• [What to do] Restate the whole of the data below word for word, skipping the images.

• [Recorded information]
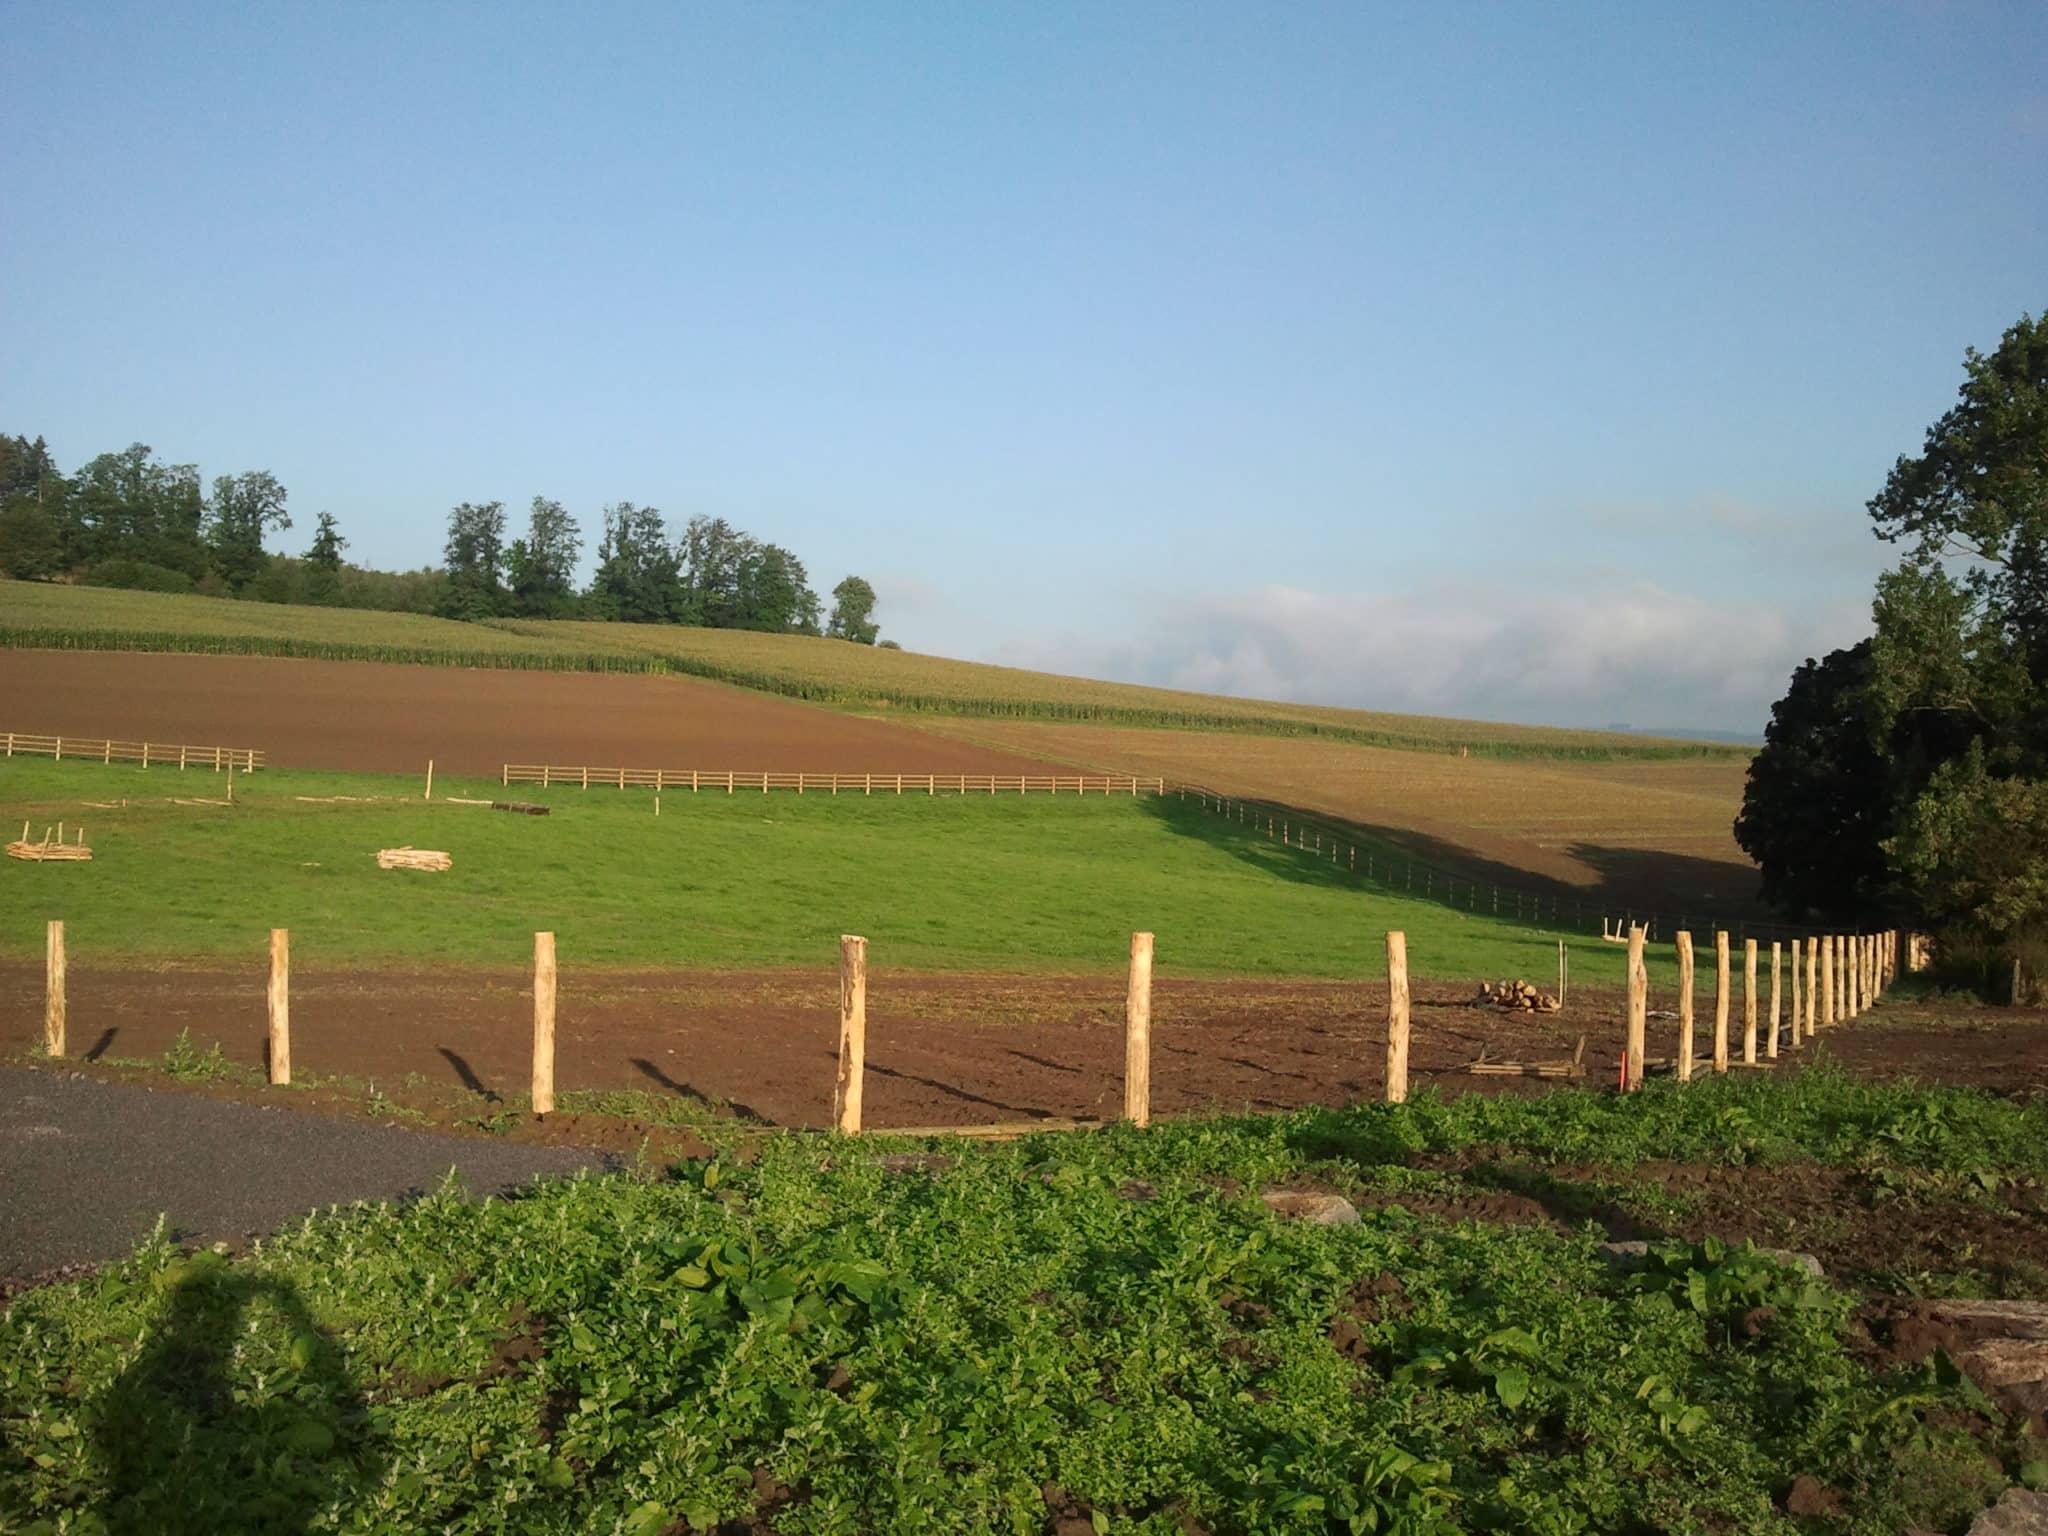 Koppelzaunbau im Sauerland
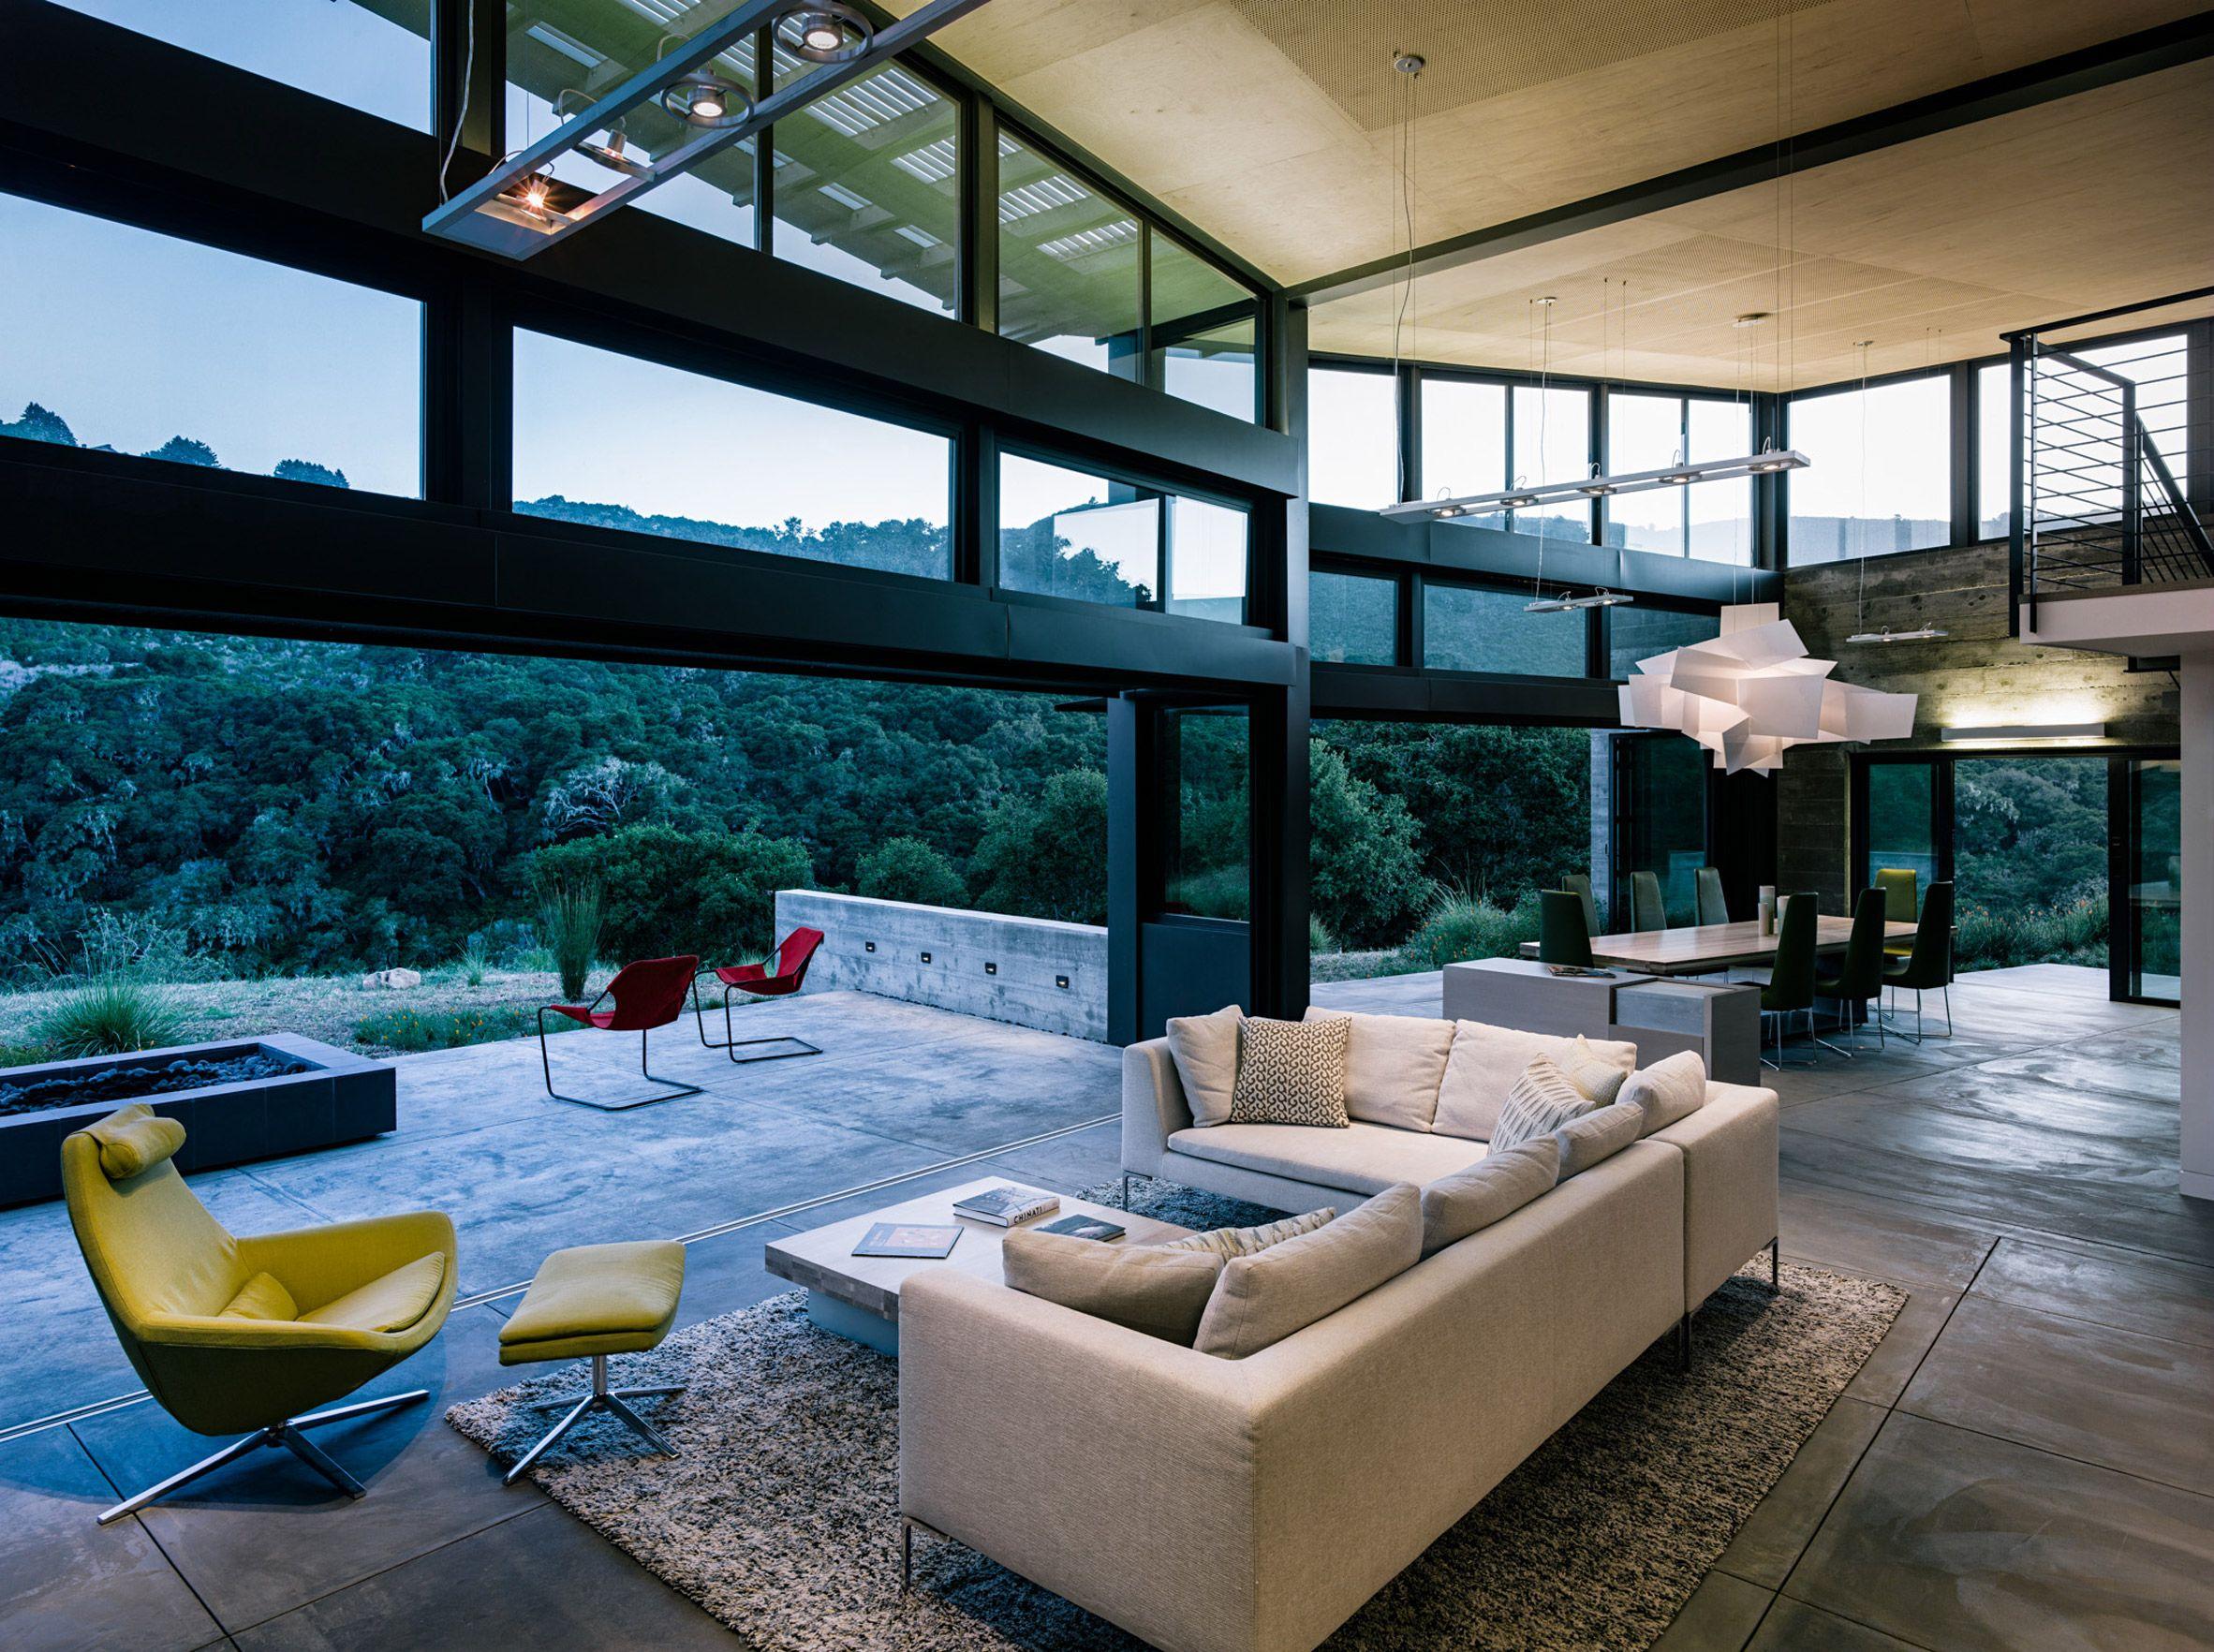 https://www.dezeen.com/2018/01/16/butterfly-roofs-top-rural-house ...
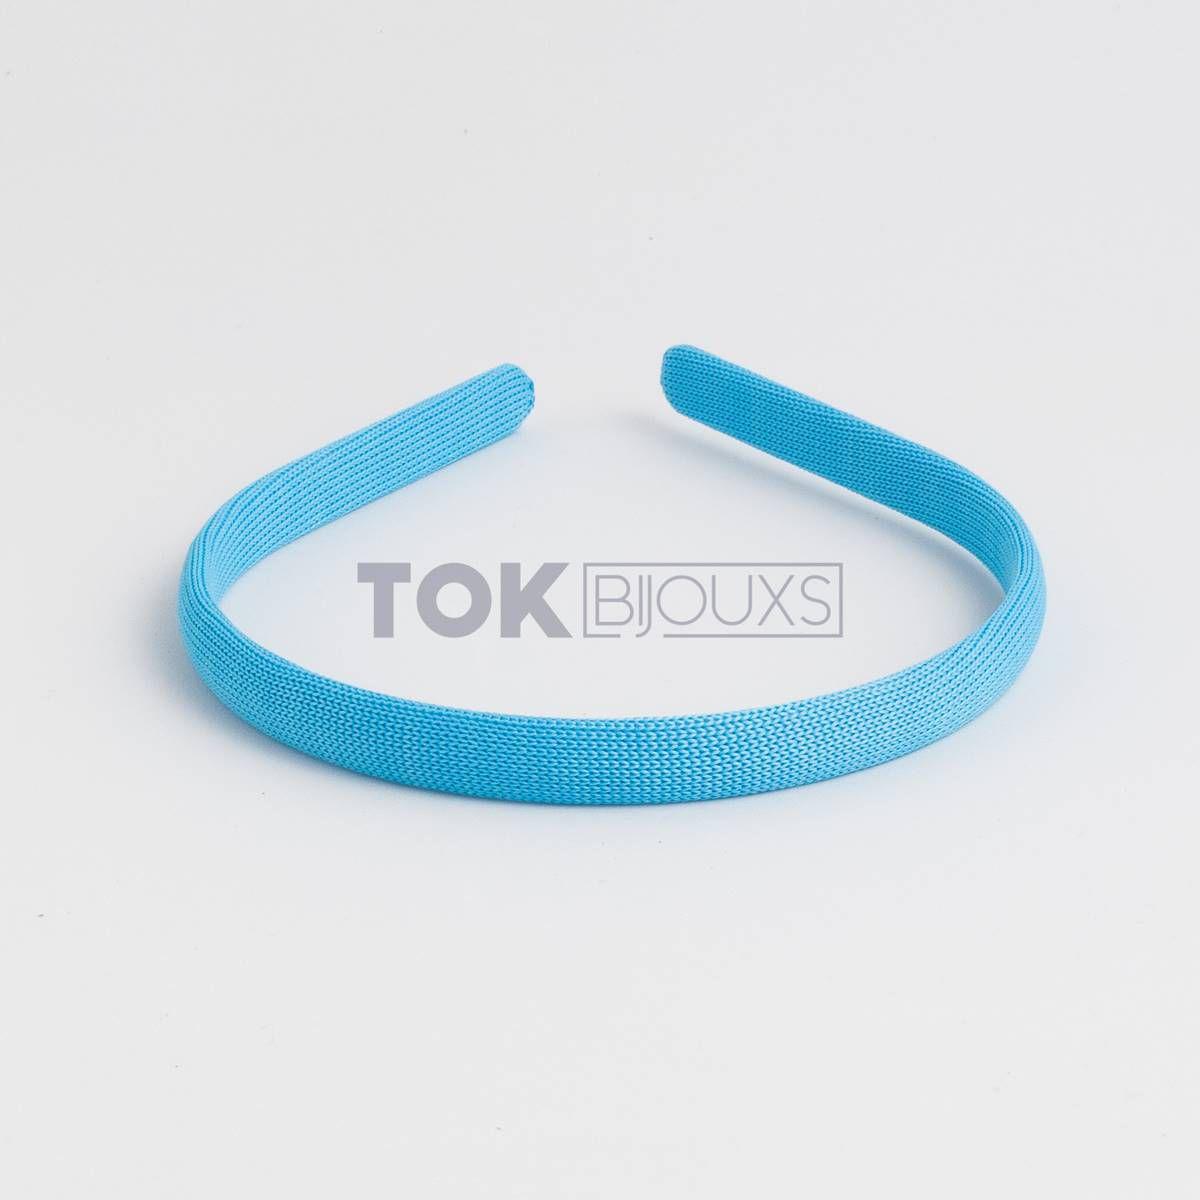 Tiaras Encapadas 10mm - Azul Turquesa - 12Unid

• [Completed exercise]
 Koppelzaunbau im Sauerland
 https://www.dezeen.com/2018/01/16/butterfly-roofs-top-rural-house ...
 Tiaras Encapadas 10mm - Azul Turquesa - 12Unid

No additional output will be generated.